A few days ago, it snowed in Seattle. And the days leading up to it were cold with a capital C. I broke out my puffy vests and started wearing my wool hat on walks to the library. While I’ve been snatching up daffodils and tulips whenever I’m at the market, let’s just say that it’s not boating weather here yet. But it’s close. We’re on the brink and it seems everyone can sense it: Saturday afternoon the cherry blossoms popped out from every street corner and the sun was gracing the wood slats of our upstairs room. On Sunday we hiked to Wallace Falls where there were patches of unexpected snow, but there was also genuine bursts of sun and fresh pine air. Hikers were draped over rocks sharing their bagged lunches and at one point on our descent, we sat towards the side of the trail and closed our eyes, just soaking in the tentative warmth. There were dogs off leash, families snapping photos, and one lone frisbee. See? we’re on the brink.

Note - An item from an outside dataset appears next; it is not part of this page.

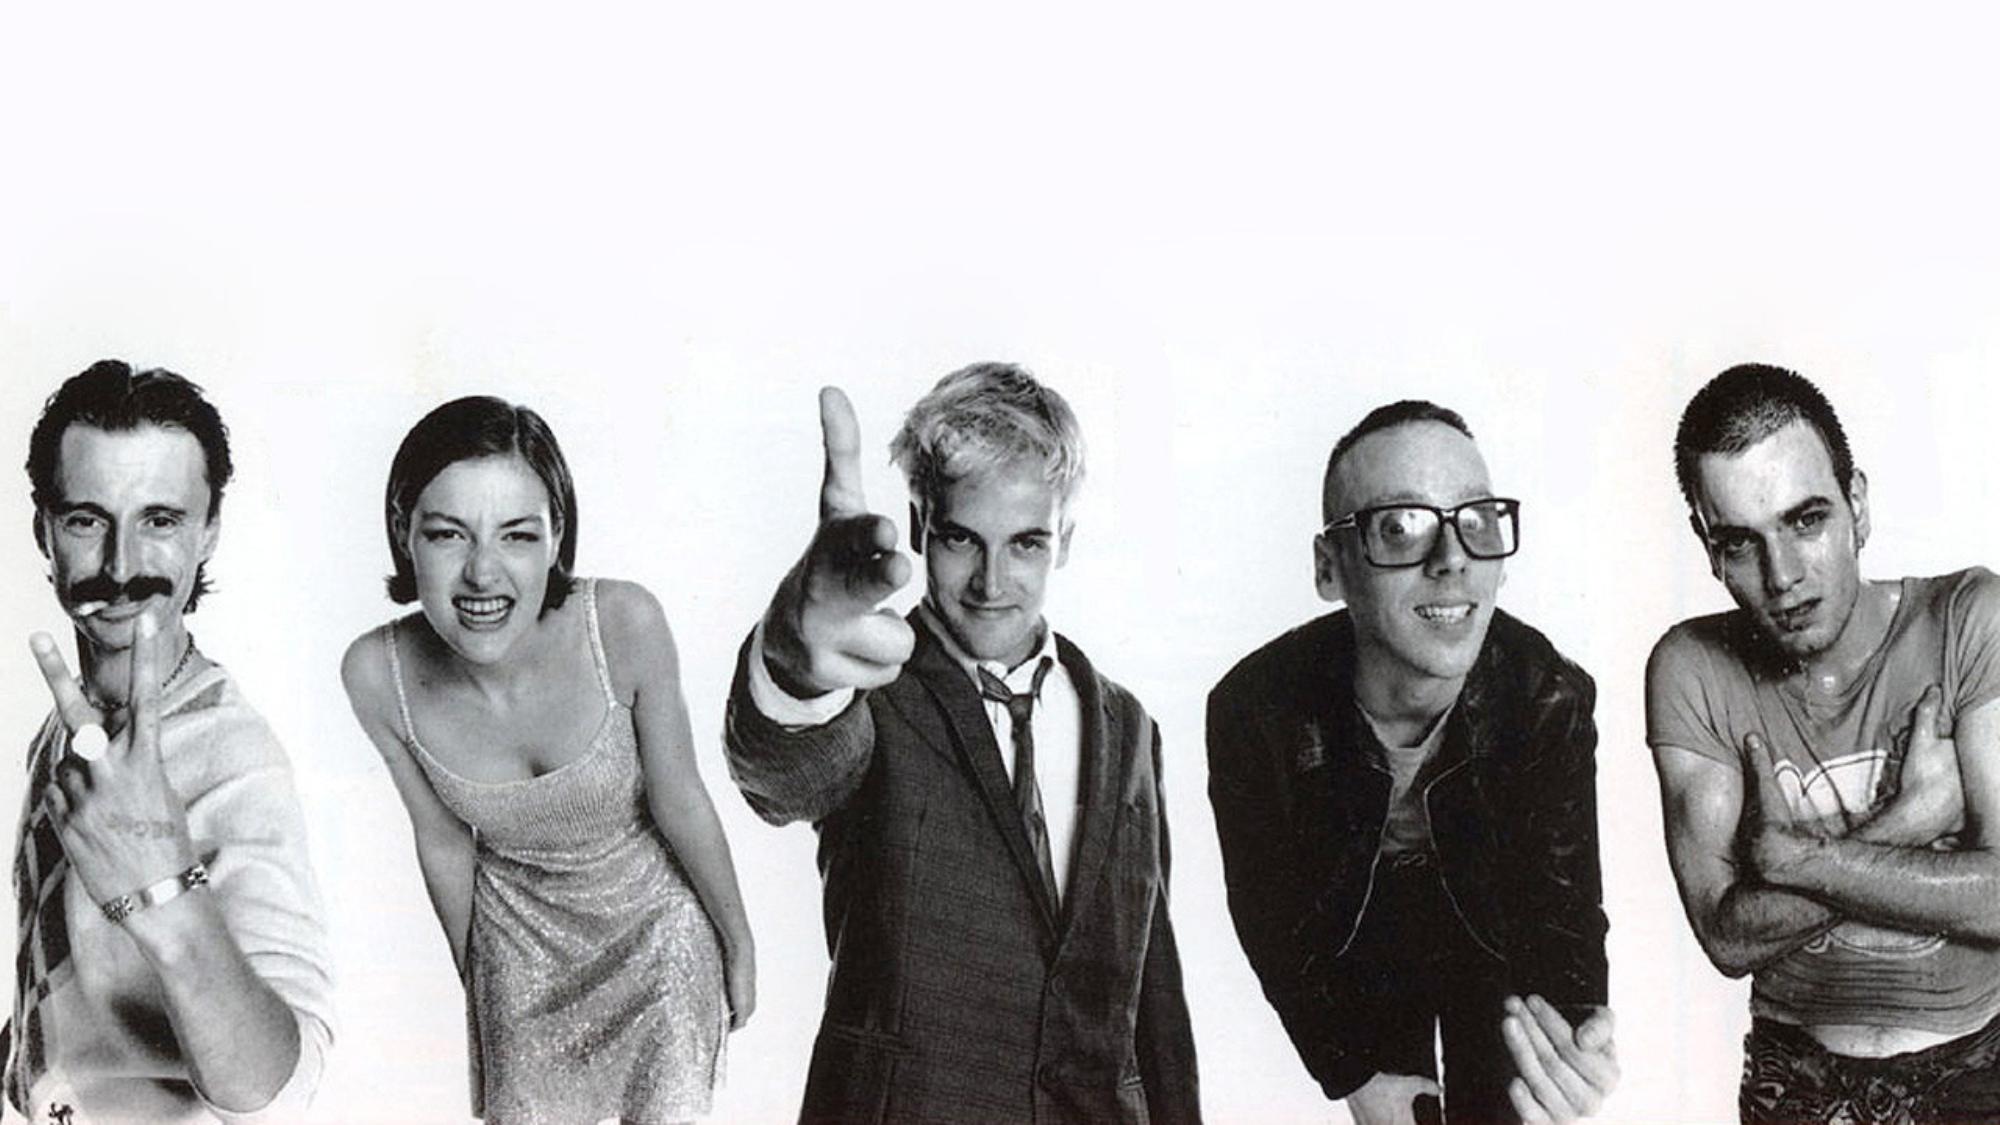 trainspotting-where-are-they-now-1441883862

The most recent issue of Kinfolk had a piece called “Spring Renewal,” in which Erin Propp and Travis Rogers discuss ways to renew themselves at home and get ready for spring, including drying laundry on the line, eating in season, planting a garden, visiting a neighbor, and trying a new food. I used to get a lot of satisfaction from making these sorts of lists, but then it comes to the end of the season and I ultimately end up feeling disappointed by my lack of progress, deciding to push certain things off until the next year. While it’s always wonderful to daydream, it’s good to stand firmly planted in the reality of your day-to-day life, too. And as much as I wish that ours included drying clothes on a line, it just doesn’t. So instead of mapping out specific goals and plans for the spring and summer, Sam and I have simply said we want to get outside more. See more of the region this year. Last spring and summer I was immersed in the writing of the book and was pretty diligent about not taking much time off on the weekends. But this spring is a different story. Each passing day is just a little bit longer, our lawn almost needs mowing, and I ordered my first ever batch of seeds from the Burpee catalog (radishes, carrots, snap peas, and kale!). We’re ready.

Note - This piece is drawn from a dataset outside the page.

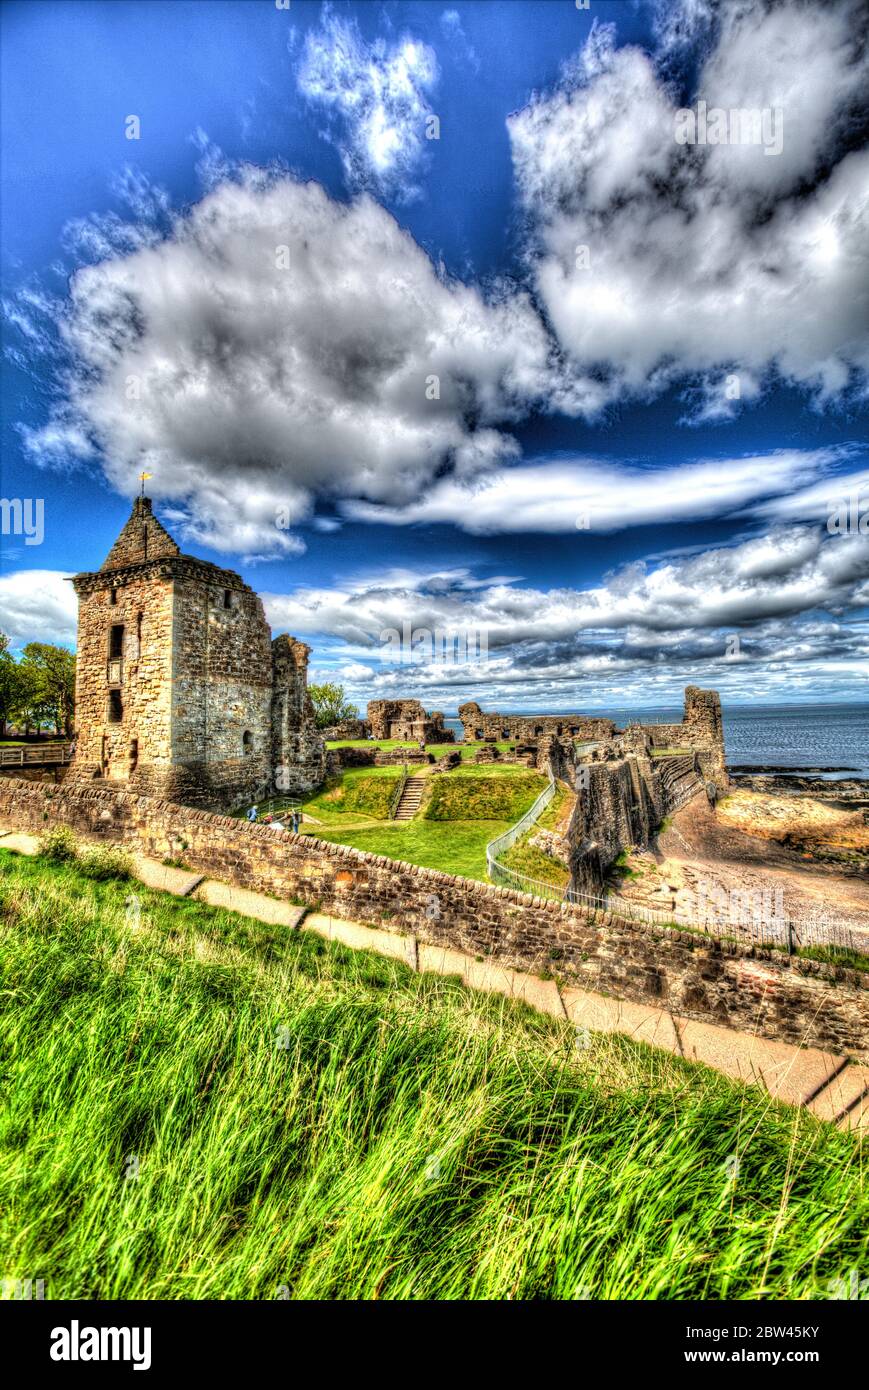 Town of St Andrews, Scotland. Artistic view of the historic St Andrews Castle ruins, which overlooks Castle Sands and the North Sea. Stock Photo

The above few photos were taken on Whidbey Island where we recently got out on a very chilly beach walk and had mussels, garlic bread and a pint of dark beer in Coupeville. We both had pretty hearty to-do lists that day and part of me really wanted to stay home, read the paper and go to the farmers’ market, but we hopped on the ferry, got some fresh air, and came back feeling all the more eager for the next outing.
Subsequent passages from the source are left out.